- [MATERIAL PROVIDED]
_ _ _ _ _

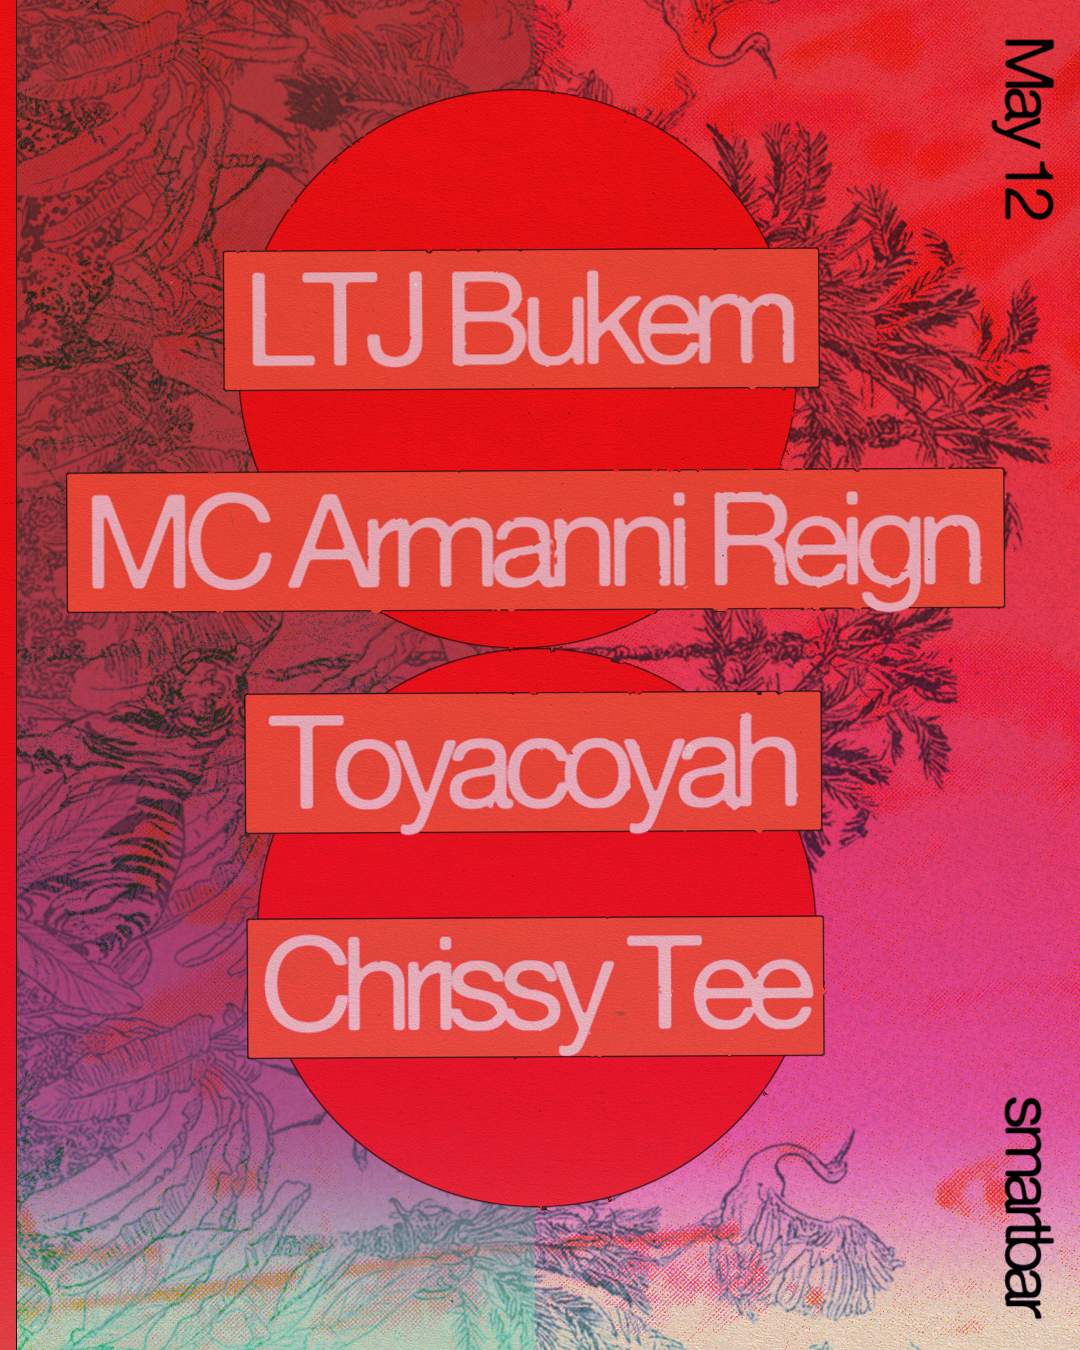 LTJ Bukem - MC Armanni Reign - Toyacoyah - Chrissy Tee - フライヤー表
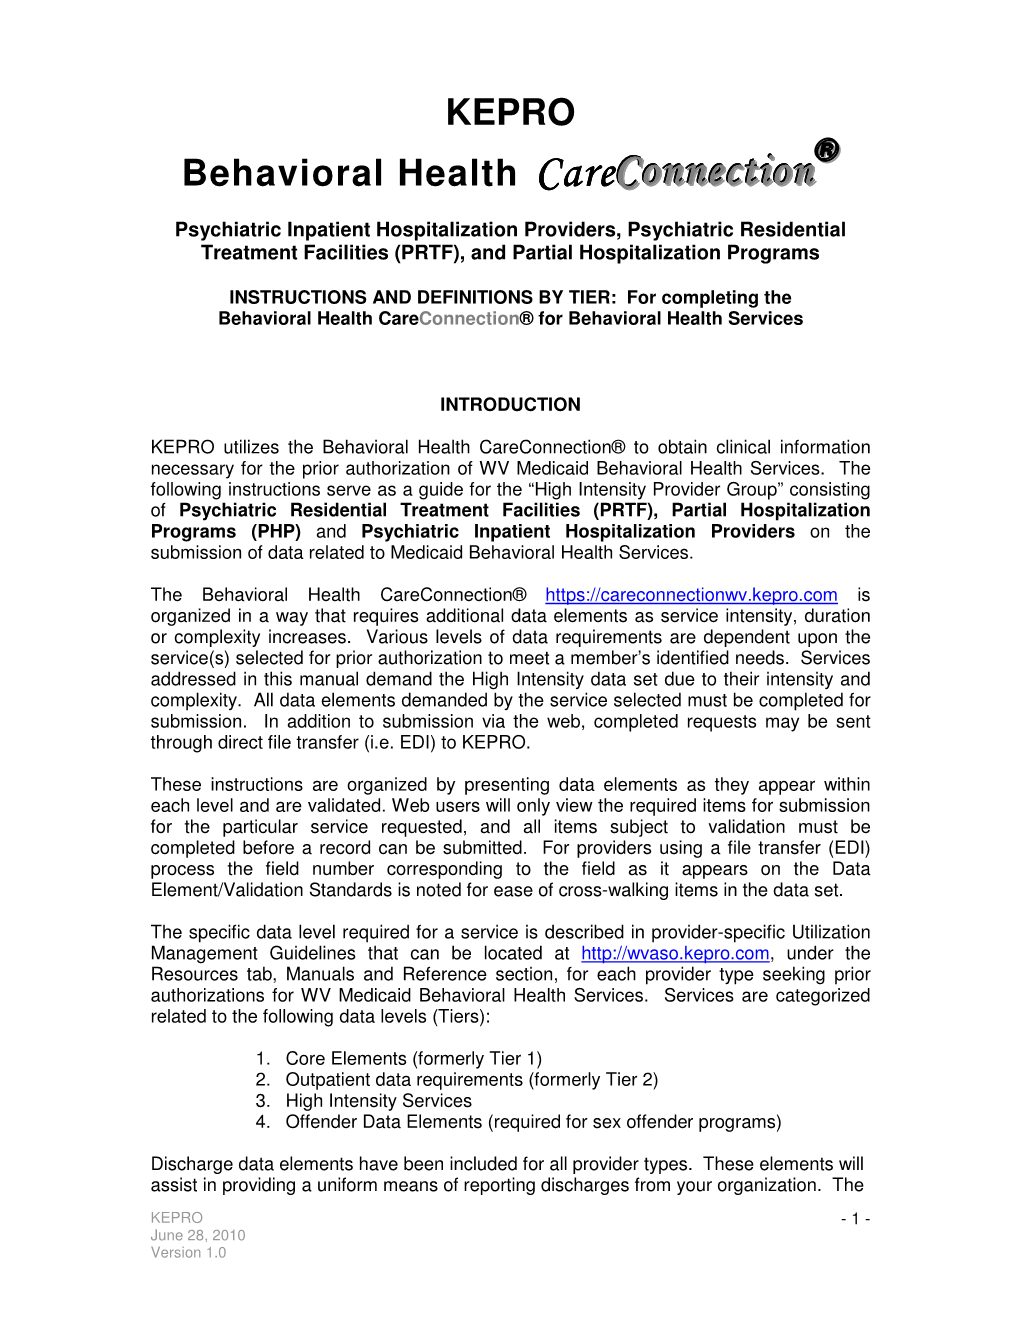 KEPRO Behavioral Health Careconnection
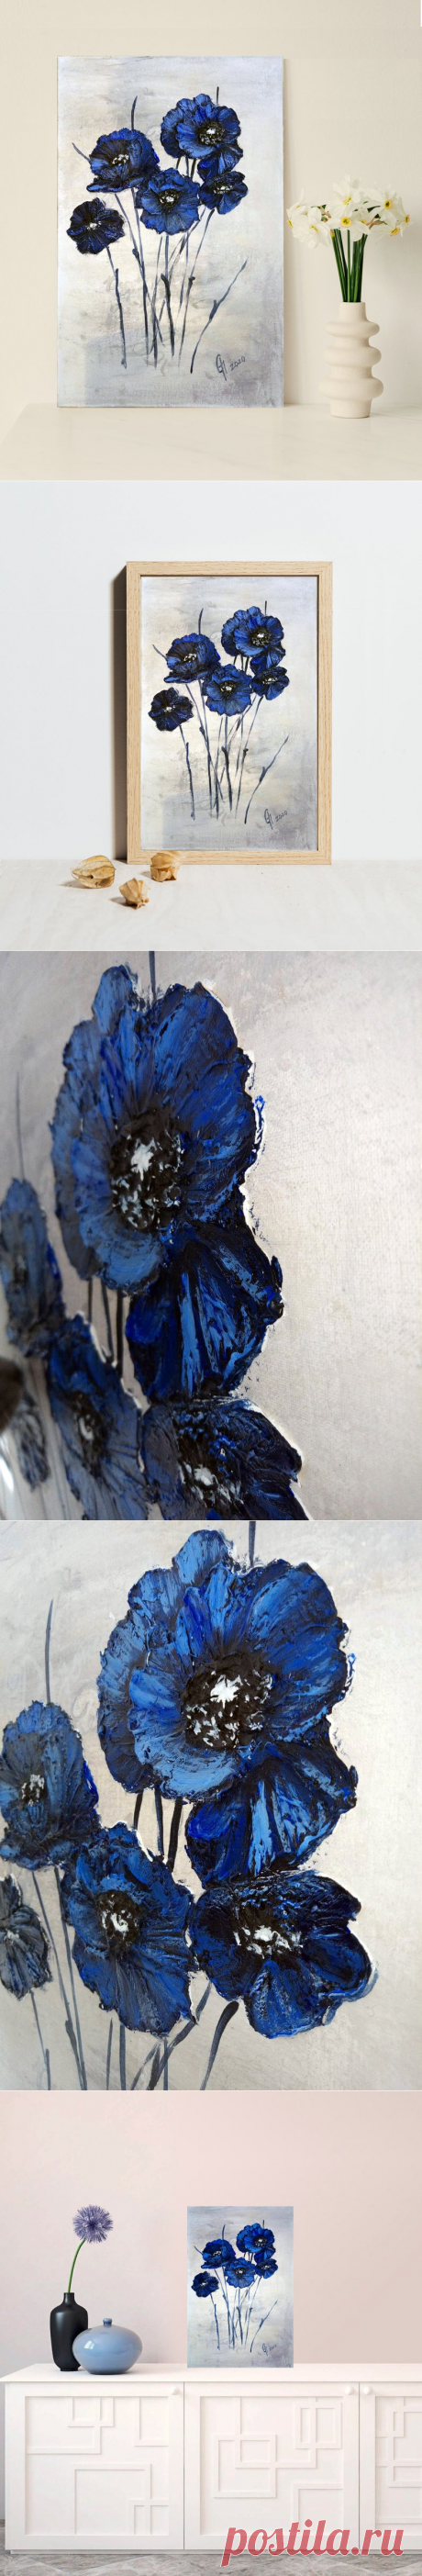 Blaue Mohnblumen Acryl-Malerei auf Leinwand Mohn Blumen | Etsy
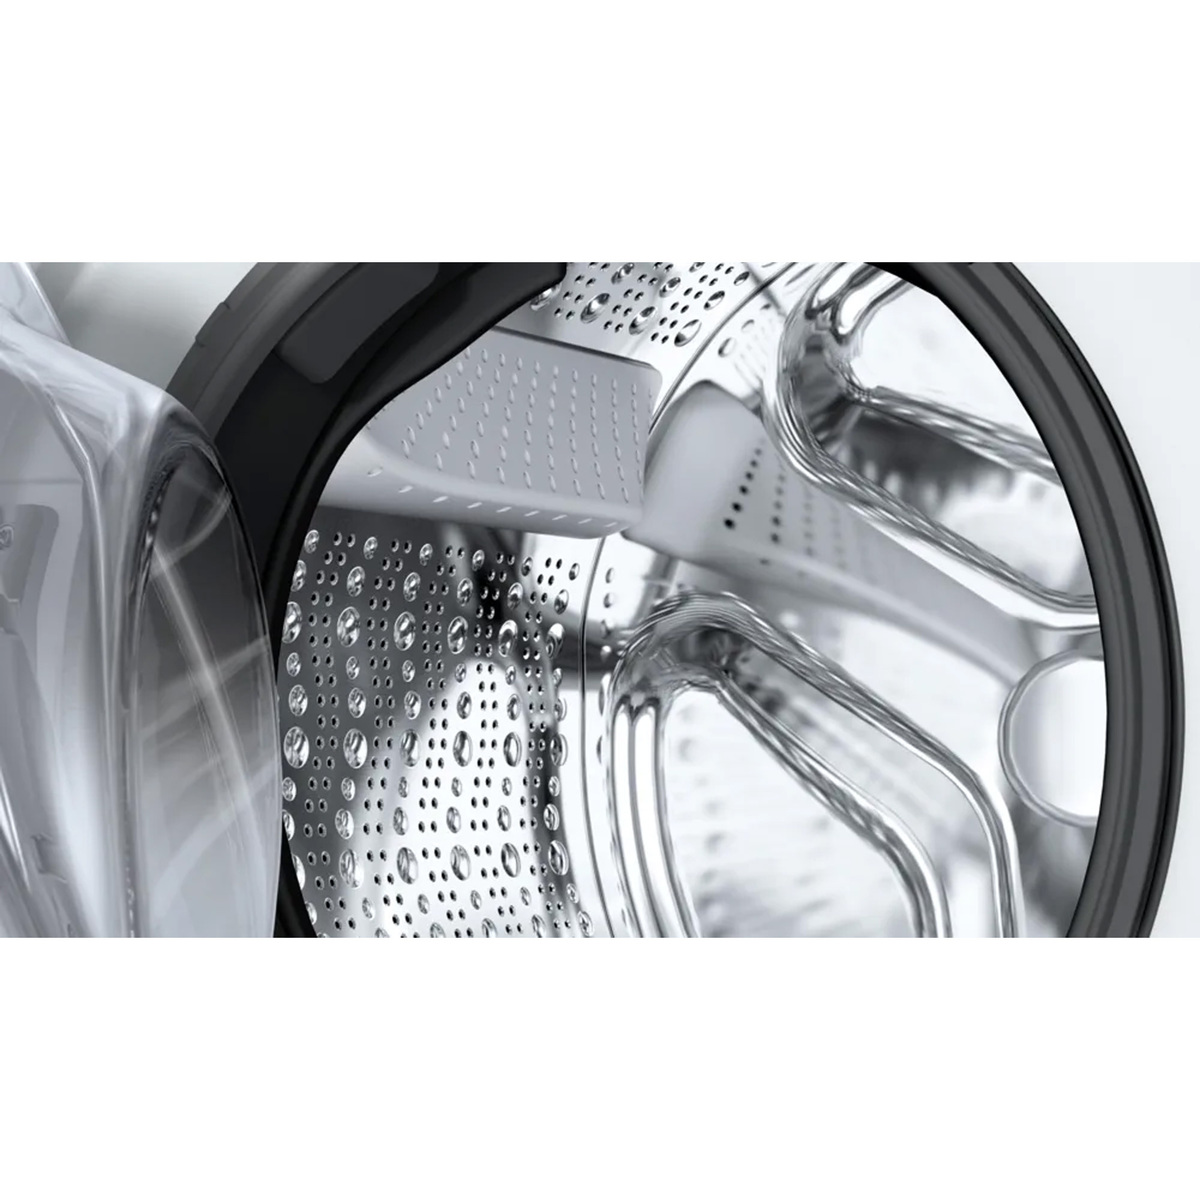 Bosch Series 4 Front Load Washing Machine, 8 kg, 1400 RPM, White, WAN28282GC

_ _ _ _ _

- [TASK INSTRUCTIONS] Write out, word for word, only the lines from the one containing "Blaue Mohnblumen Acryl-Malerei" to the end of the data above; the pictures stay out.

- [RESULT OF THIS EXERCISE]
 Blaue Mohnblumen Acryl-Malerei auf Leinwand Mohn Blumen | Etsy
 Bosch Series 4 Front Load Washing Machine, 8 kg, 1400 RPM, White, WAN28282GC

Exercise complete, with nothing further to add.